My Journey into Space Software

This problem fascinated me because it felt so familiar yet so alien. The challenges looked exactly like what cloud computing solved on Earth—managing huge fleets of diverse, unreliable computers running multiple customers’ workloads. But space adds brutal constraints that make normal solutions impossible.

Think about it: these satellites are like the “worst possible” cloud computers. They’re weak (limited power), diverse (different hardware generations launched at different times), and intermittently connected (they can only talk to ground stations for about 100 seconds per day). Plus, if something goes wrong, you can’t exactly send a technician to fix it.

The more I researched, the more I realized that satellites were becoming the ultimate edge computing environment—and we needed completely new software architectures to handle it.

The Multi-Tenant Space Economy

Here’s where it gets really interesting: satellites are becoming shared infrastructure, just like cloud servers.

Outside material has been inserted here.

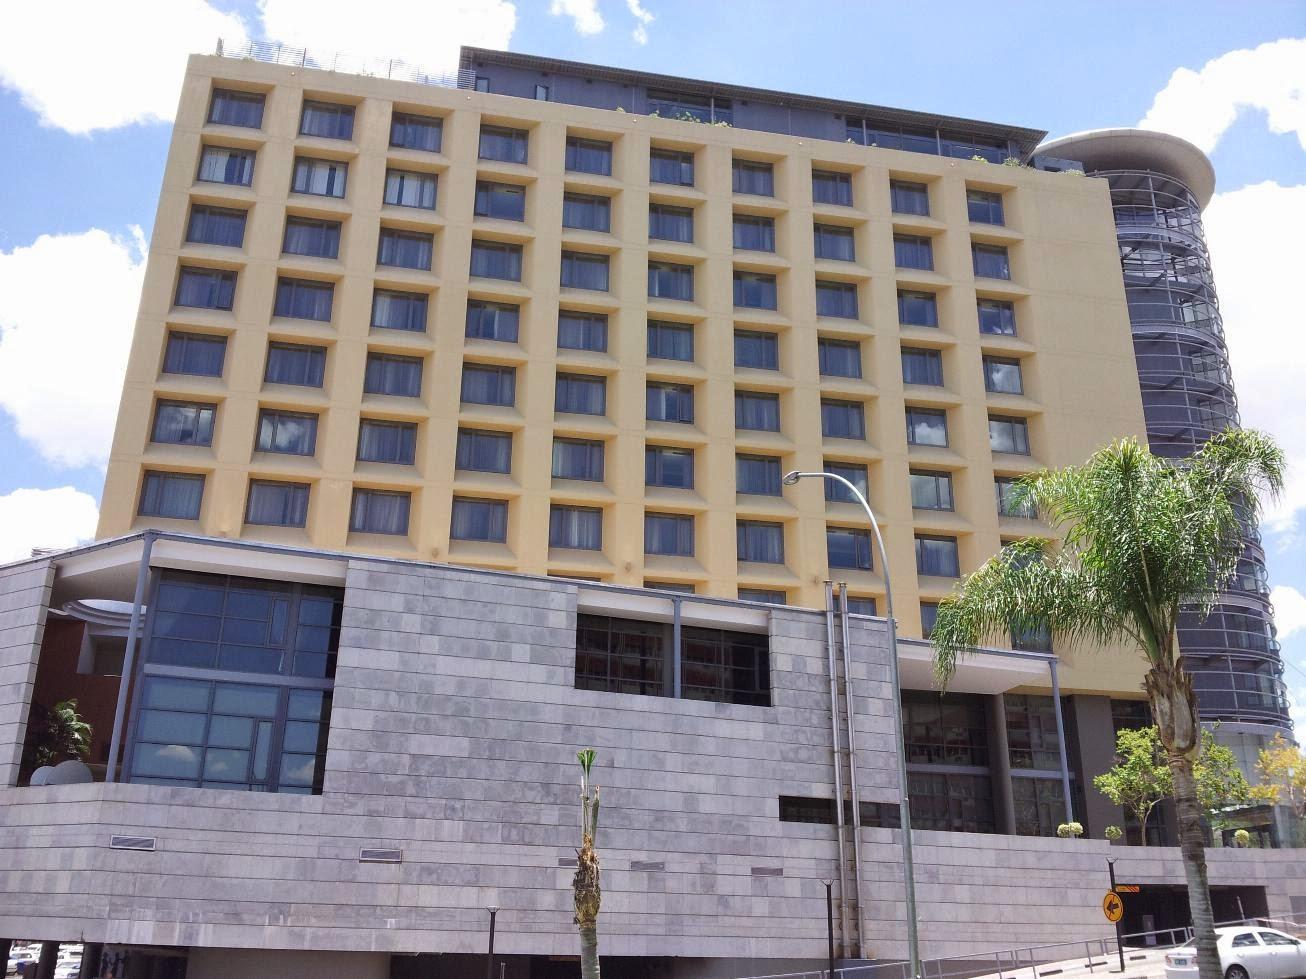 Hilton Hotel Windhoek, Namibia

Instead of every organization building their own satellite, companies are starting to “rent space” on others’ satellites. Multiple customers share the same spacecraft, each running their own scientific instruments or communication equipment.

This is brilliant economics—sharing the massive costs of building, testing, and launching. But it creates the same fundamental challenge that drove the creation of virtual machines and containers on Earth: how do you safely run multiple customers’ code on the same computer?

On Earth, we solve this with virtualization—each customer gets their own virtual machine. But satellites can’t afford that overhead. Virtual machines are heavy, and these computers are already stretched thin. It’s like trying to run multiple operating systems on a smartphone from 2010.

Enter eBPF: The Unexpected Space Technology

My research led me to an unlikely solution: eBPF, a technology originally designed for the Linux kernel. Think of eBPF like having smart, programmable security guards embedded throughout a building. Instead of one guard at the front desk who has to run around everywhere, you have small, specialized guards at every important location who can make decisions locally.

eBPF lets you run small, verified programs safely inside a larger system. The key insight was that its properties—lightweight, safe, cross-platform—made it perfect for satellites. Here’s why:

Size matters: When you can only upload 50 megabytes per day to a satellite, every byte counts. eBPF programs are tiny compared to traditional software updates.

Safety first: eBPF includes a “verifier” that mathematically proves programs won’t crash, access forbidden memory, or run forever. In space, where you can’t restart a crashed satellite, this guarantee is invaluable.

One size fits all: Satellites in the same constellation often use different computer chips. eBPF runs the same way on all of them, so you write software once instead of customizing it for every hardware variant.

The Bigger Picture: Space as the New Cloud

What excites me most about this work isn’t just solving today’s satellite problems—it’s recognizing that space is becoming the next frontier for distributed computing. Researchers are already proposing “space datacenters” that would process data from multiple satellites before beaming results back to Earth, reducing the bandwidth bottleneck.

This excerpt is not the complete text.